Woodard has told reporters that he's no white supremacist and that McVeigh's murder of 168 people was a "horrible crime." But the name of his tribute, a part of which was performed as a "prequiem" shortly before McVeigh was executed, is "Ave Atque Vale" — translated literally, "Hail and Farewell," but named by Woodard in English as "Onward, Valiant Soldier." McVeigh wrote Woodard shortly before his execution to say the composer was the only person he knew of who understood McVeigh's attitude toward those he murdered. "Maybe," McVeigh wrote in response to a Woodard letter, "there is hope yet for this species!"
Woodard did not respond to requests for comment.
Woodard has toyed with unconventional ideas for years, and he was friendly with Beat Generation writer William Burroughs before his 1997 death. Woodard has promoted Burroughs' "Dreamachines" and similar imagination-boosting gadgets like so-called "Wishing Machines" and "Feraliminal Lycanthopizers," and he says he is interested in immortality, divination and teleportation. At least one critic has suggested that his performances seem to be "elaborate pranks."
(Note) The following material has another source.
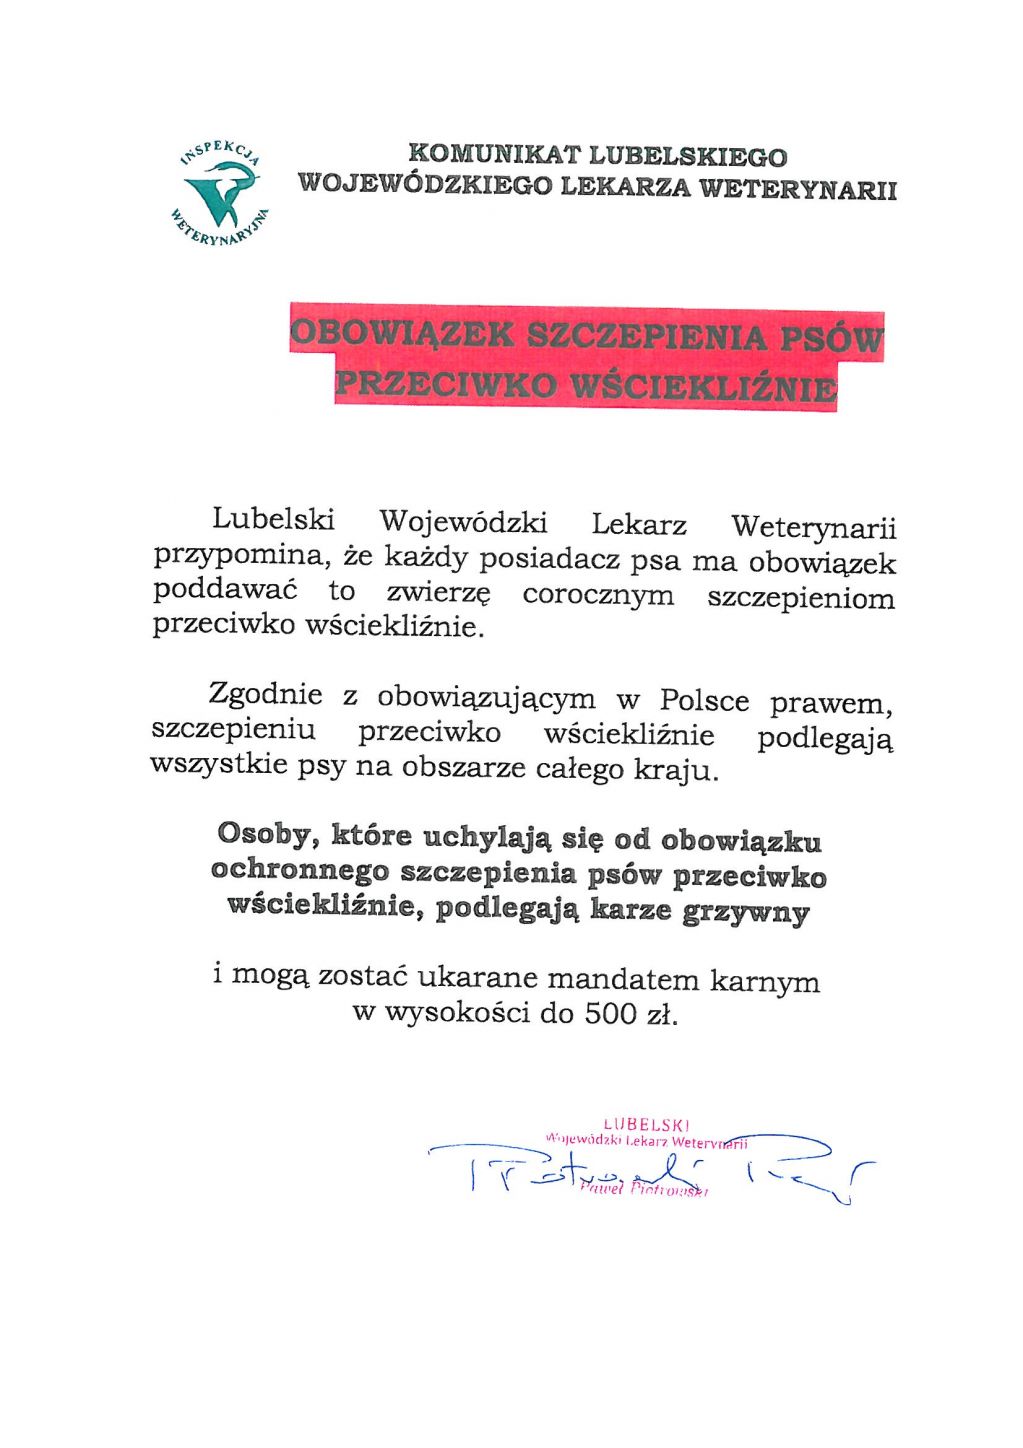 Komunikat lubelskiego Wojewódzkiego Lekarza Weterynari w sprawie szczepienia psów. - zdjęcie

Is Woodard serious about the Aryans? In a July 31, 2002, e-mail to National Alliance leaders, he certainly seemed to be. It was "with the most profound regret," he wrote in the communication, that he had learned of the passing of Pierce, a man who has called for locking Jews into railroad cattle cars and sending them to the bottoms of abandoned coal mines. Pierce's death, Woodard said, was a "tragedy."